Your copy should hold only the lines from the one with "Brake lights shining on a busy city street." to the one with "Quality assurance business", both included, each exactly as it stands below, with no pictures.

* Data for review *
__________________________________________________
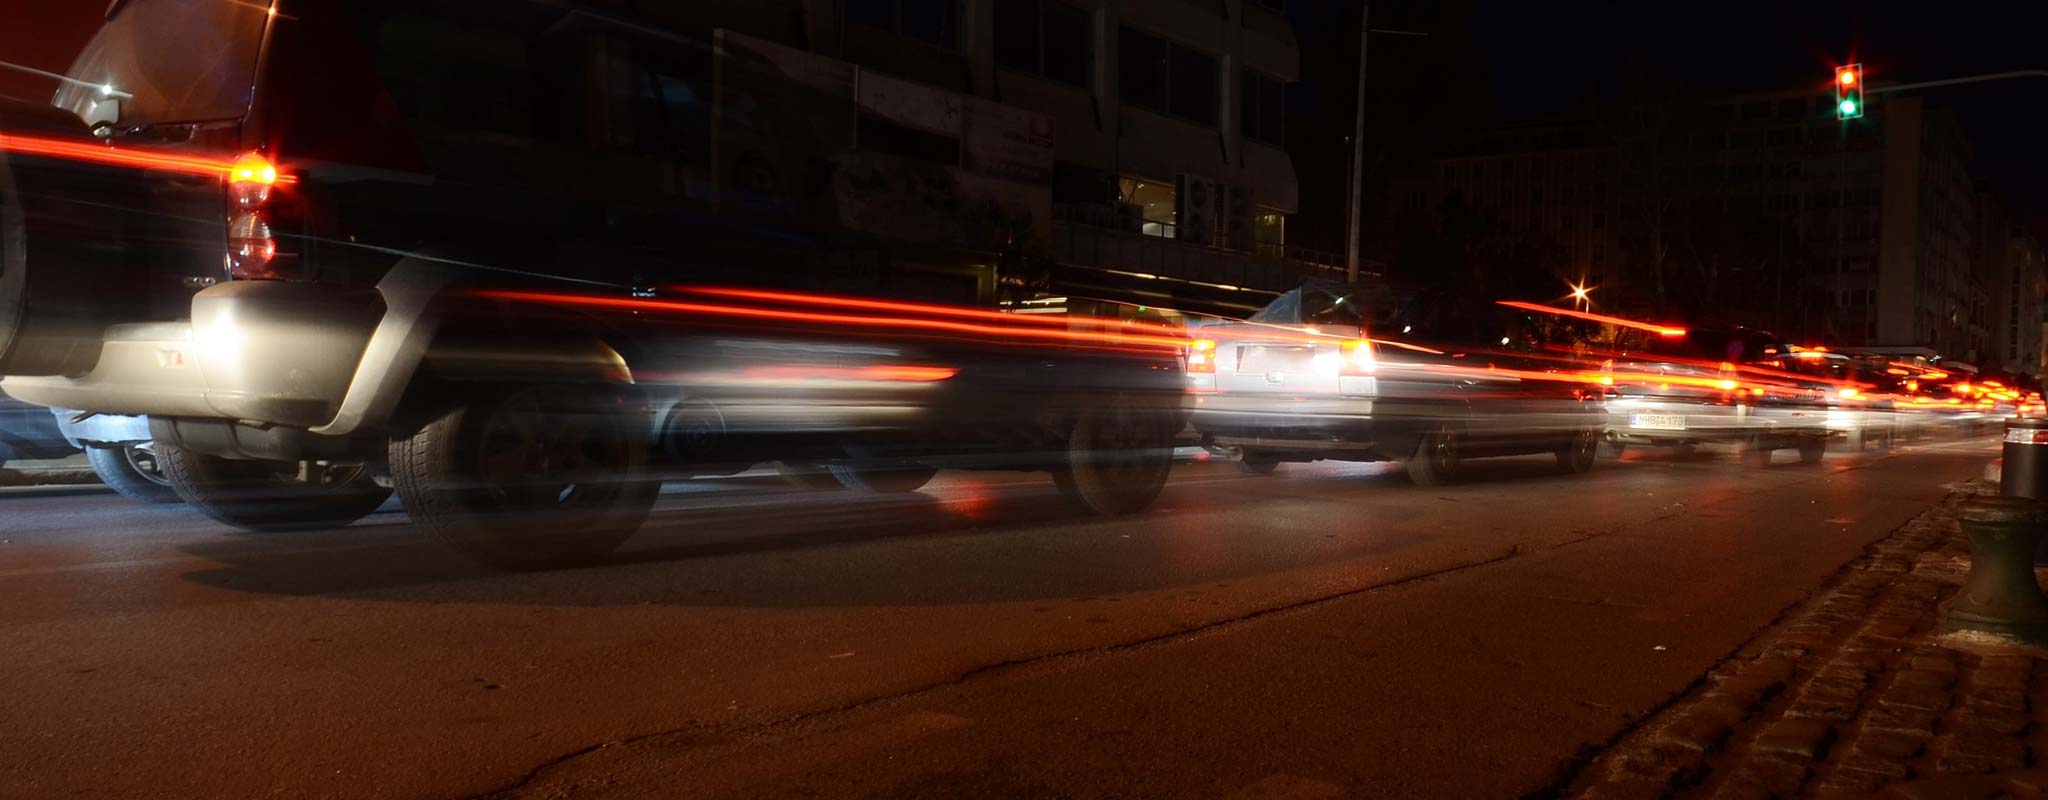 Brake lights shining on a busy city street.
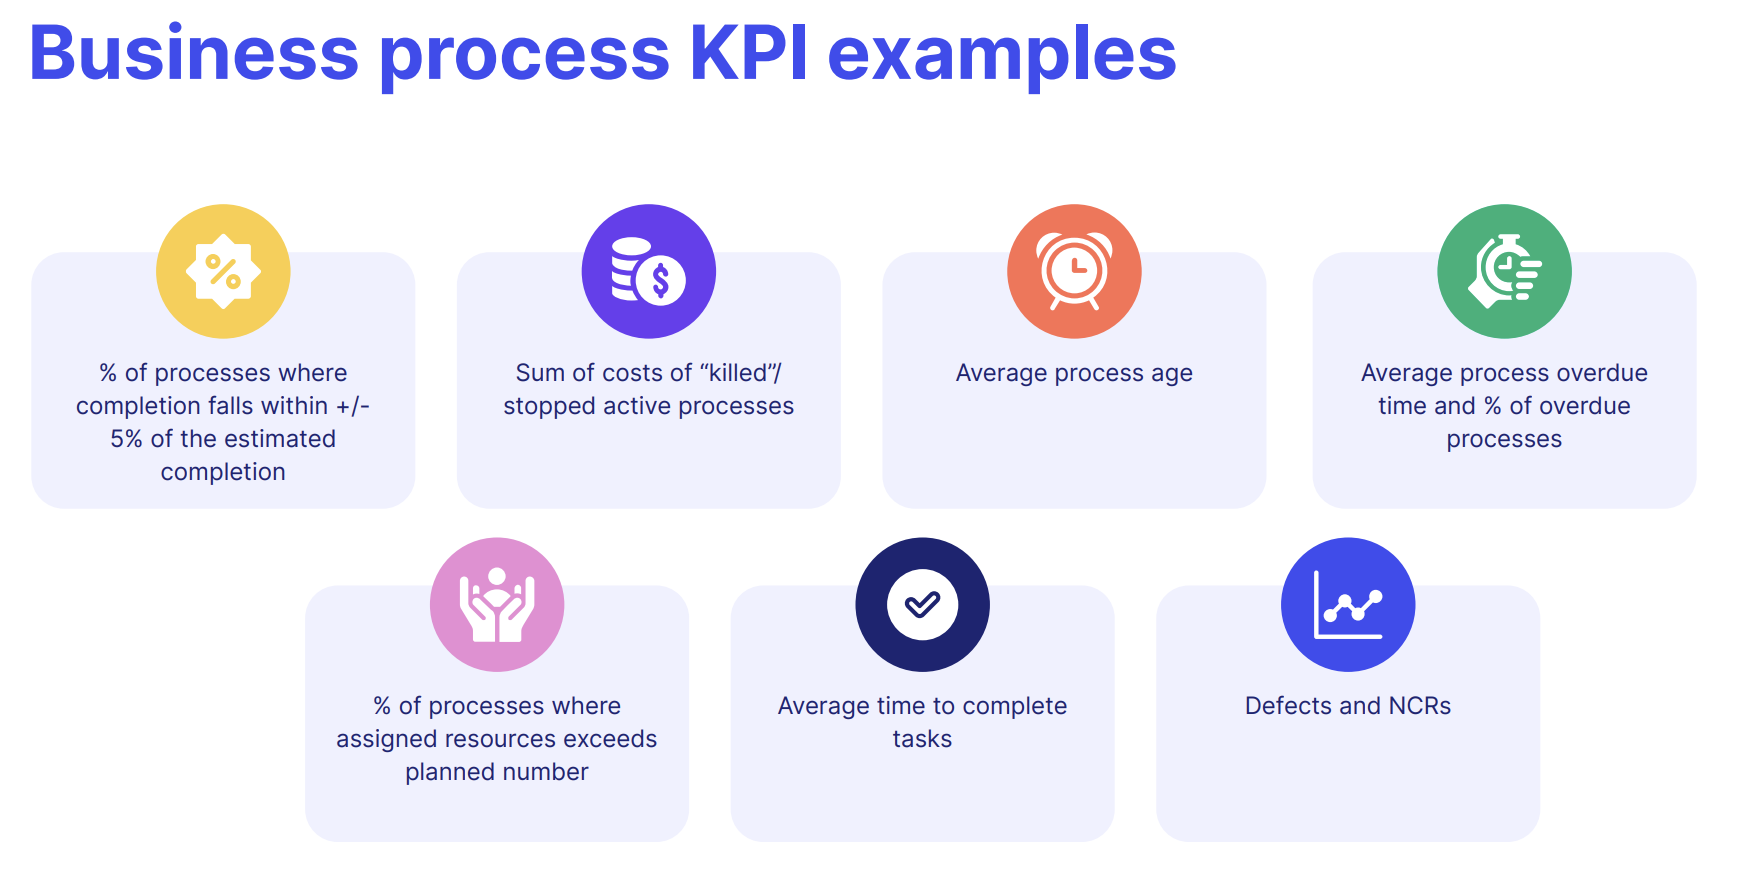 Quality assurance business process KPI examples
__________________________________________________
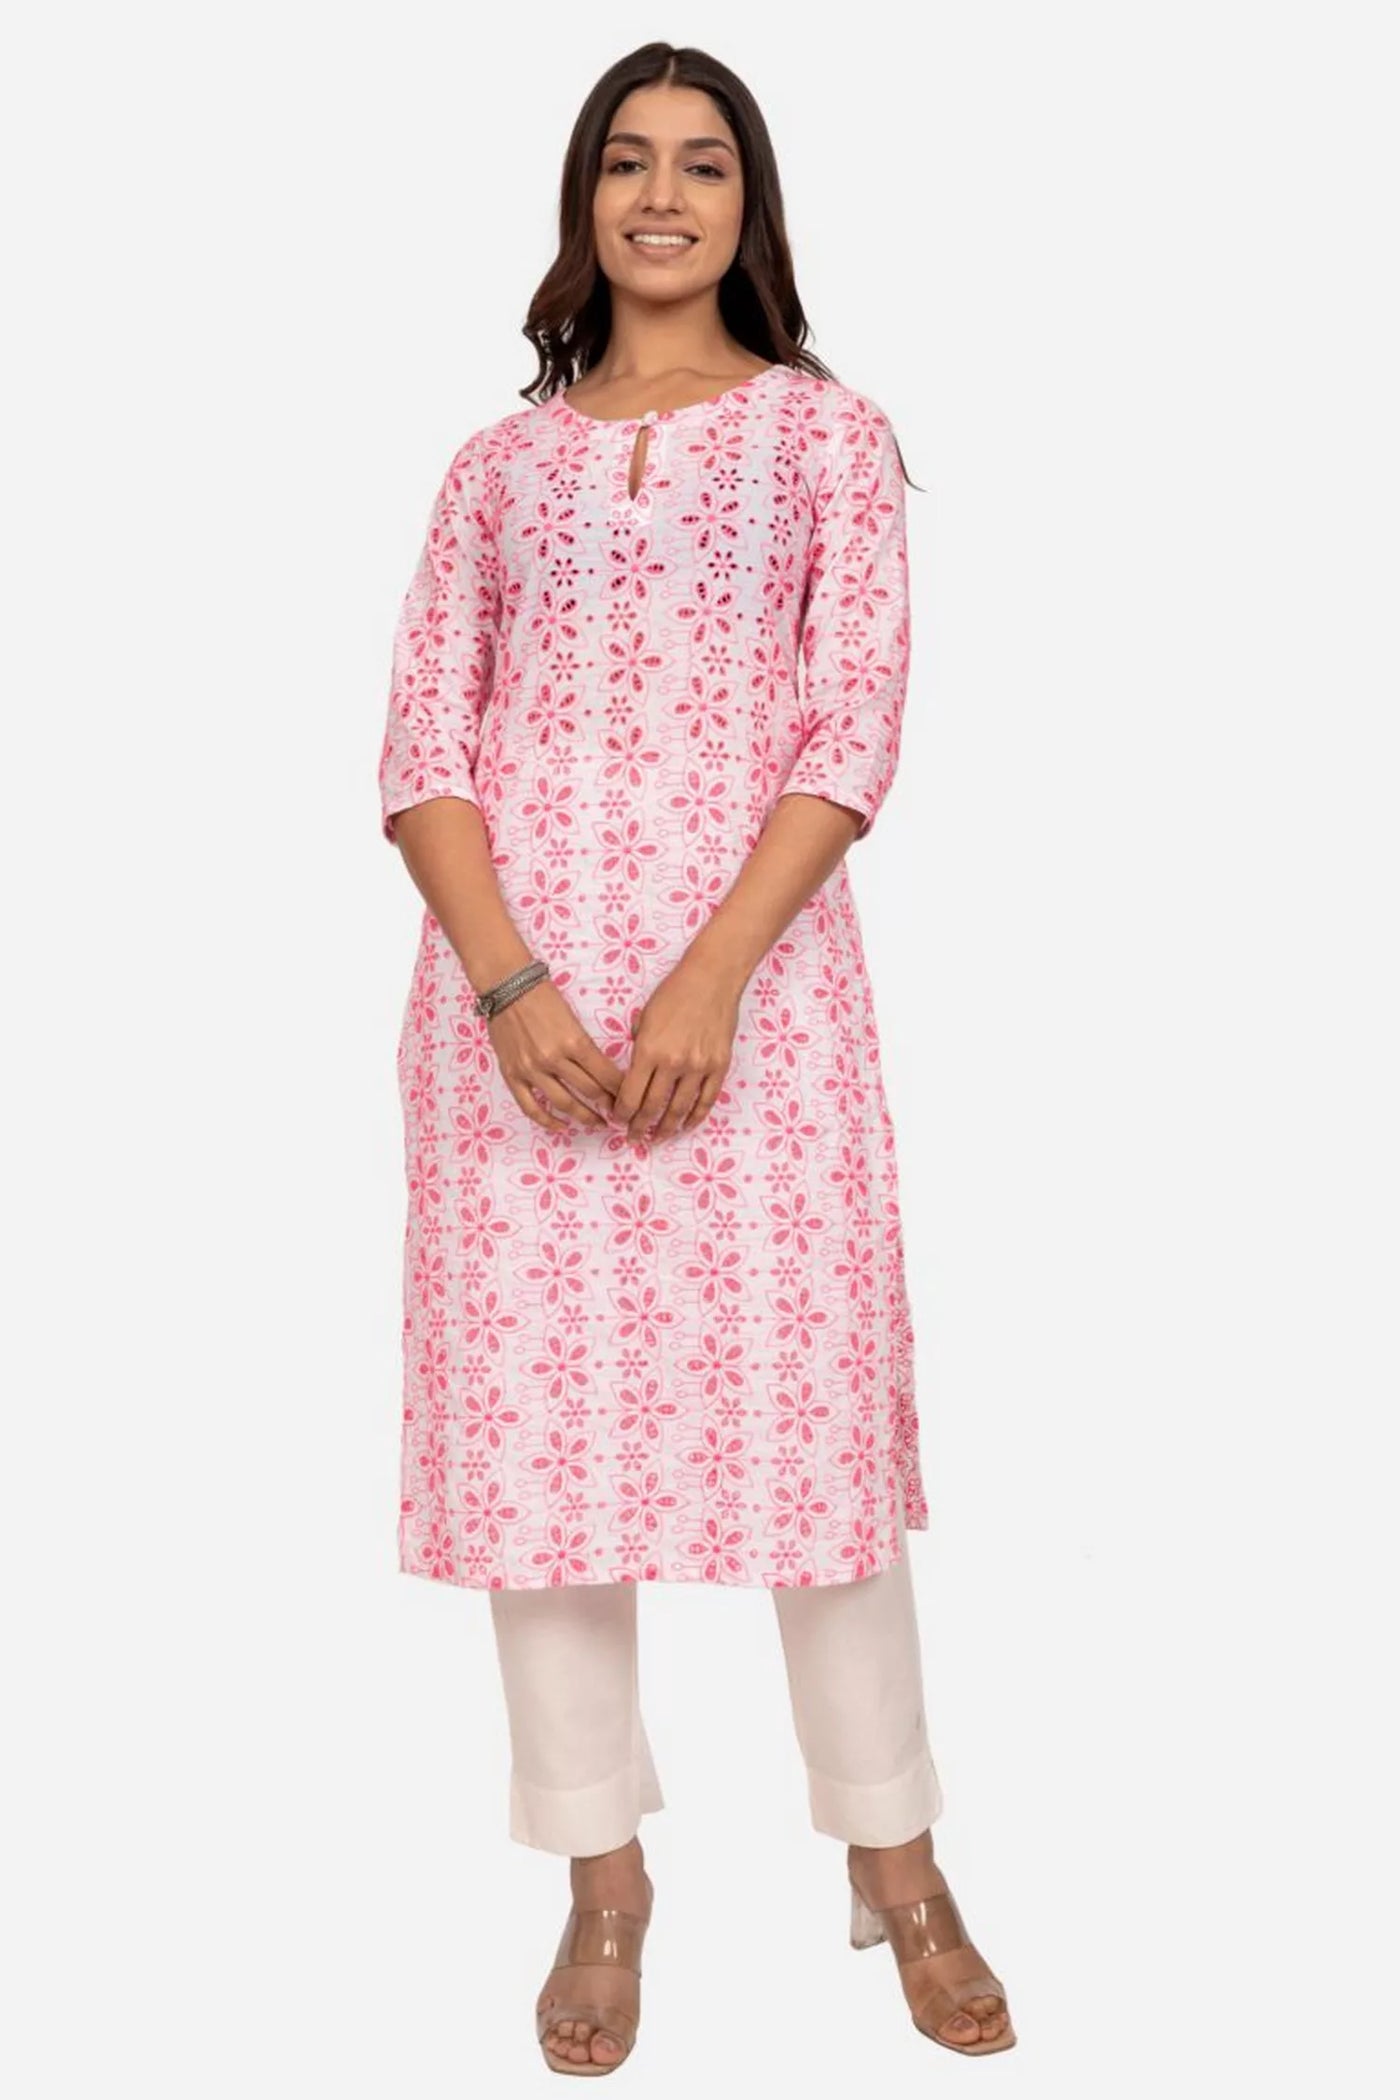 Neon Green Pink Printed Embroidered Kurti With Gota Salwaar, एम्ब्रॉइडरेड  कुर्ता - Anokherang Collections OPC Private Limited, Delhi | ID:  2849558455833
__________________________________________________
* Completed task *
 Brake lights shining on a busy city street.
 Quality assurance business process KPI examples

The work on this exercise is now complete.